• [Exercise aim] Locate "Smirnoff – 100 Vodka 375mL" in the data below, then output the line it is on and all following lines through the last, word for word. Skip any pictures.

======== Supplied information ========

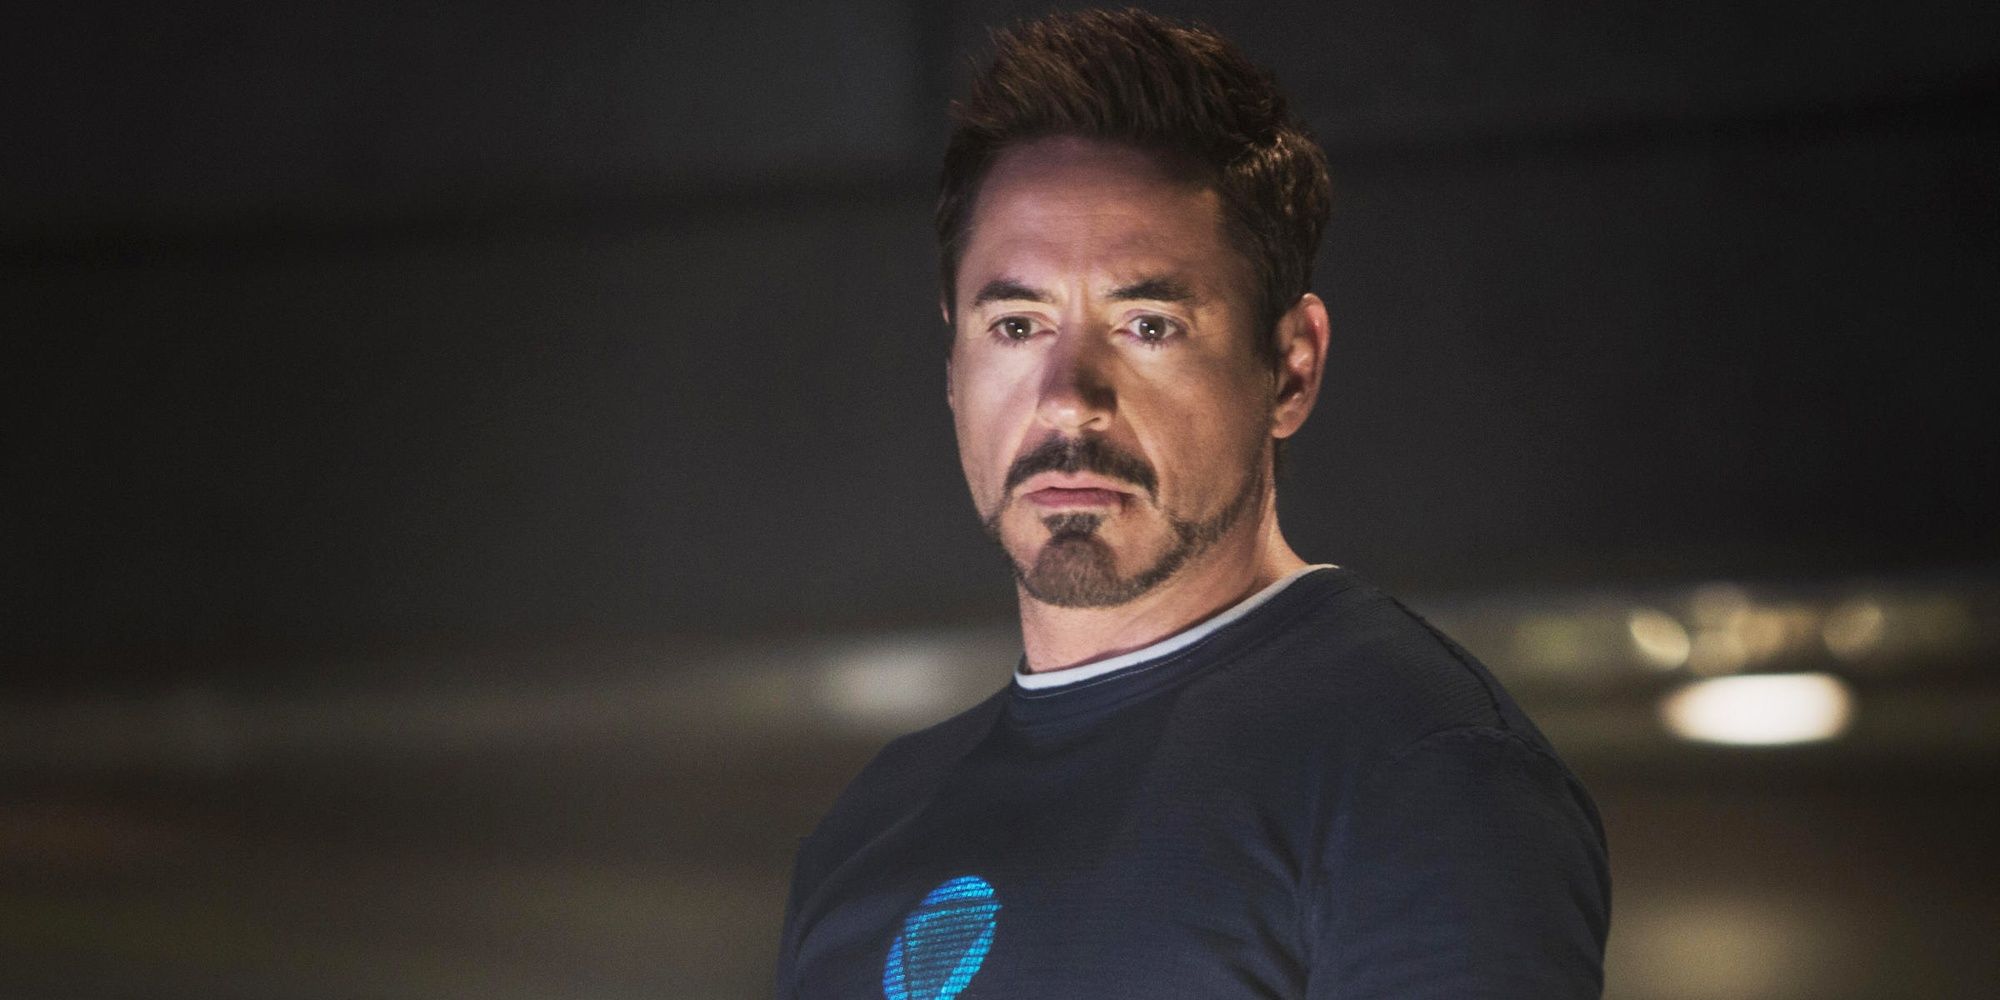 Robert Downey Junior as Tony Stark
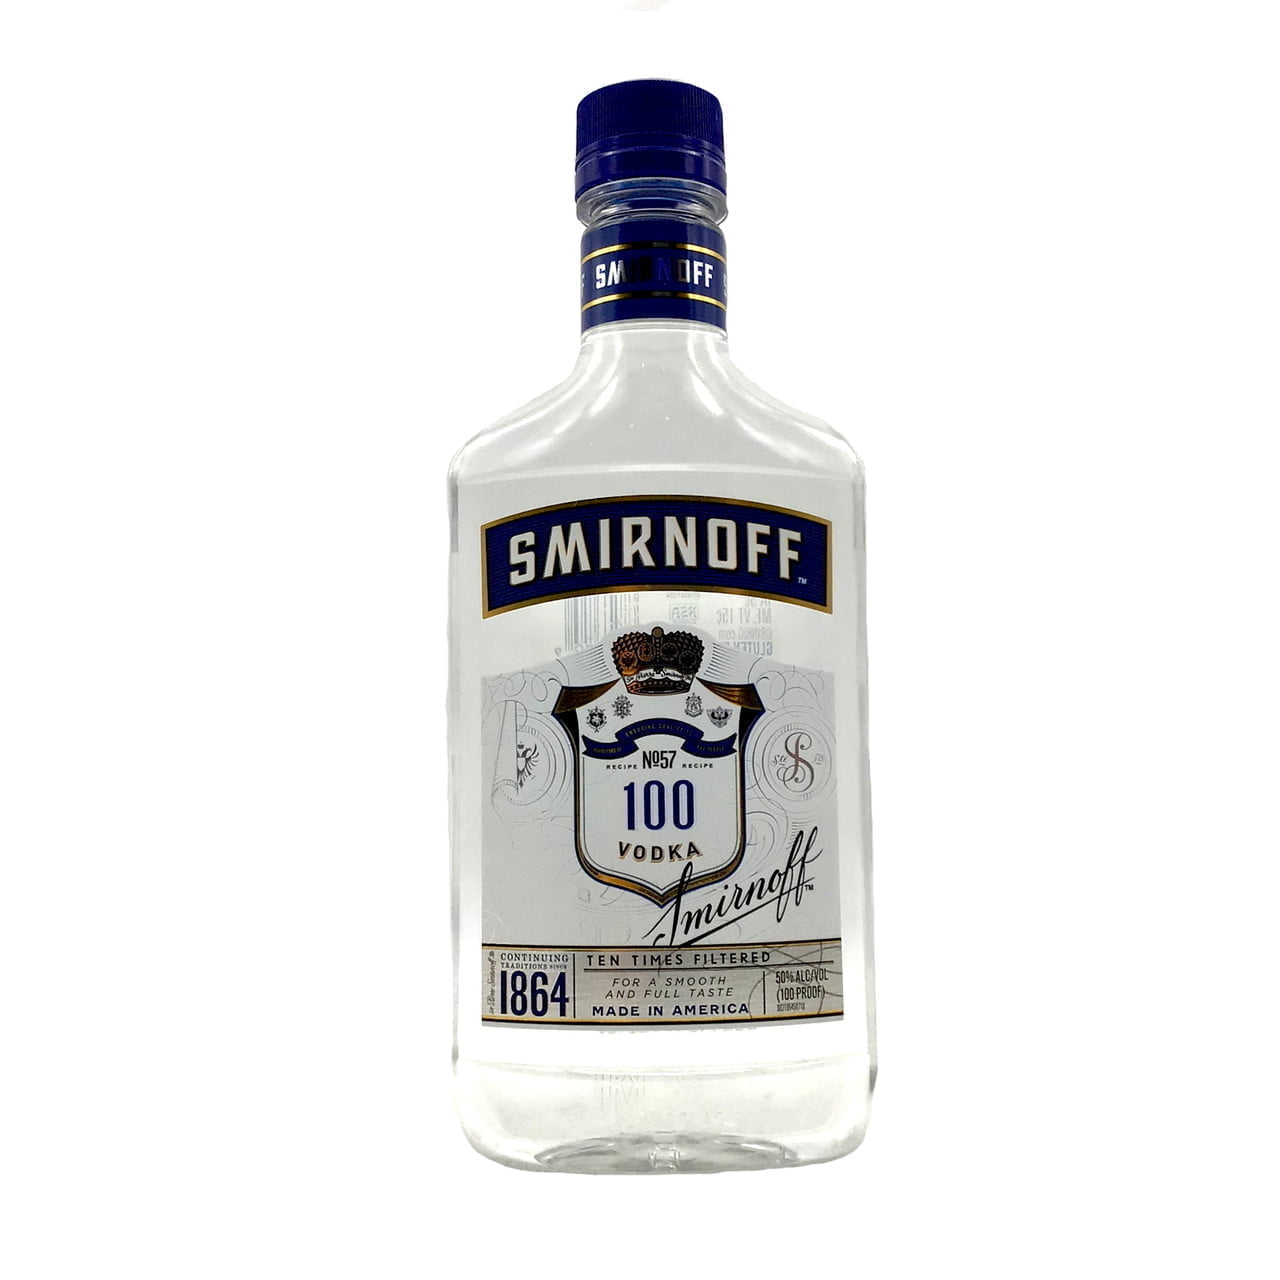 Smirnoff – 100 Vodka 375mL
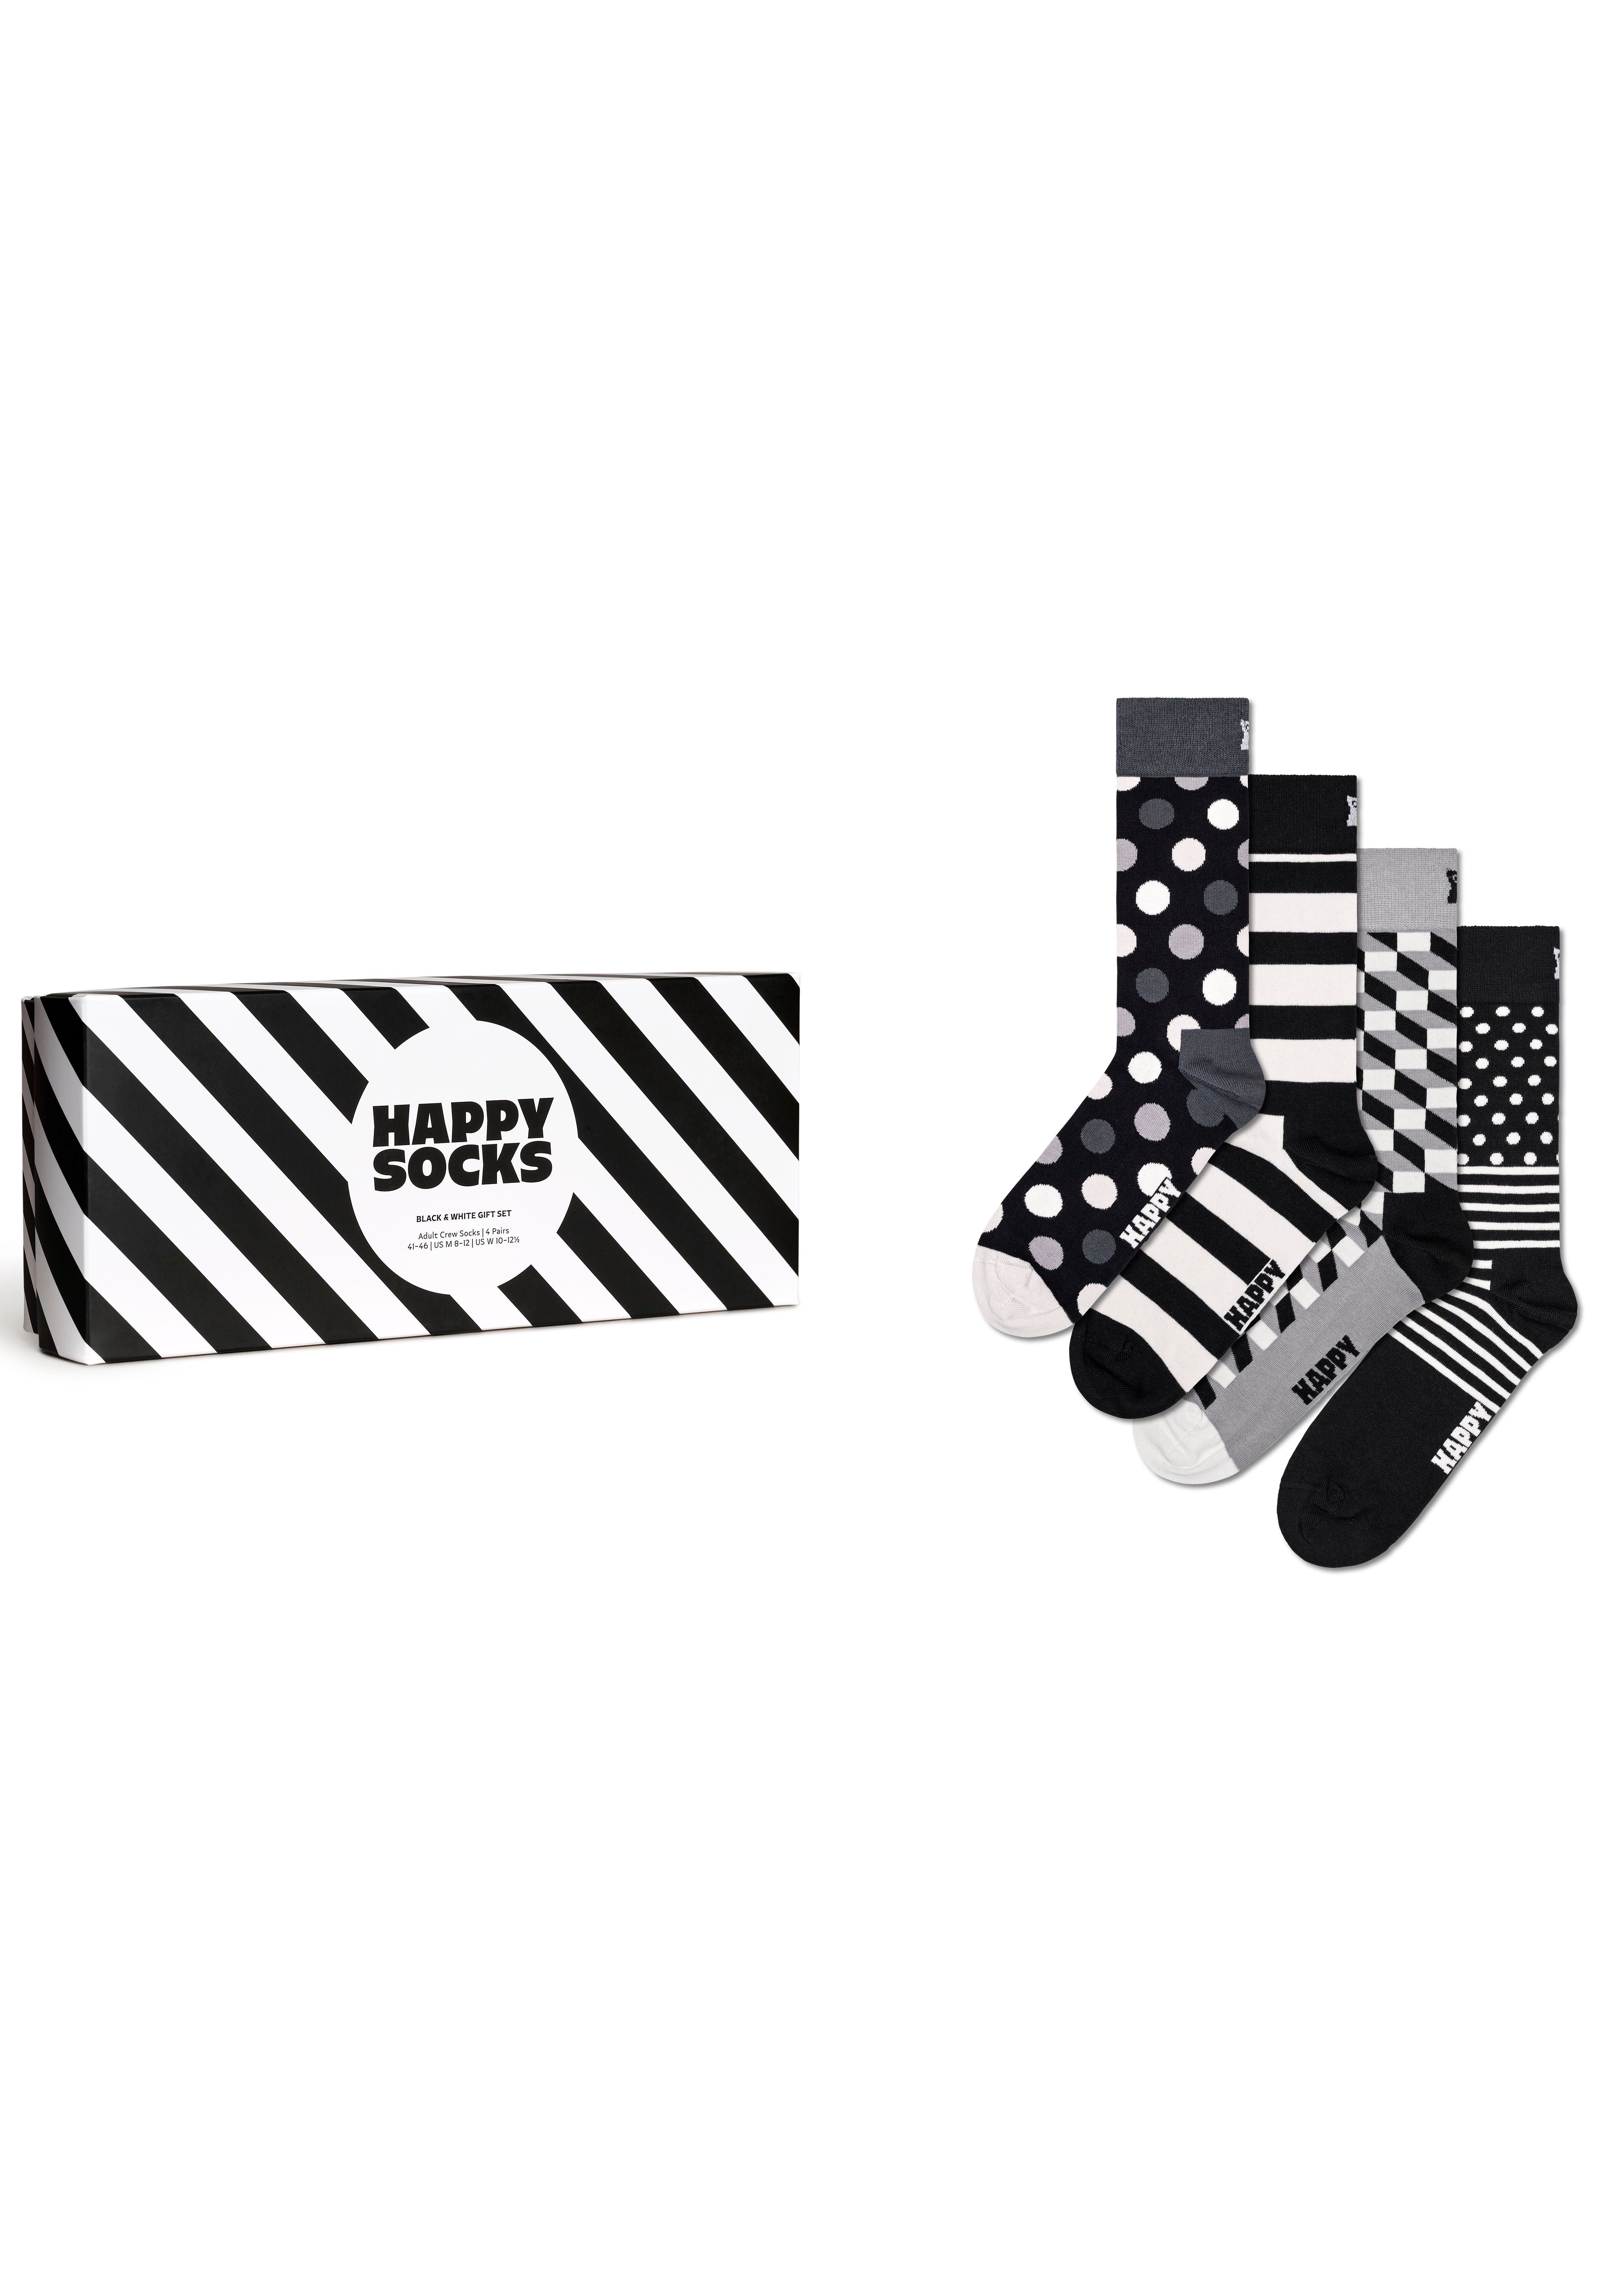 Happy Socks & Black Classic White 4-Paar) Socks Socken Gift (Packung, Set

========

• [Exercise response]
 Smirnoff – 100 Vodka 375mL
 Happy Socks & Black Classic White 4-Paar) Socks Socken Gift (Packung, Set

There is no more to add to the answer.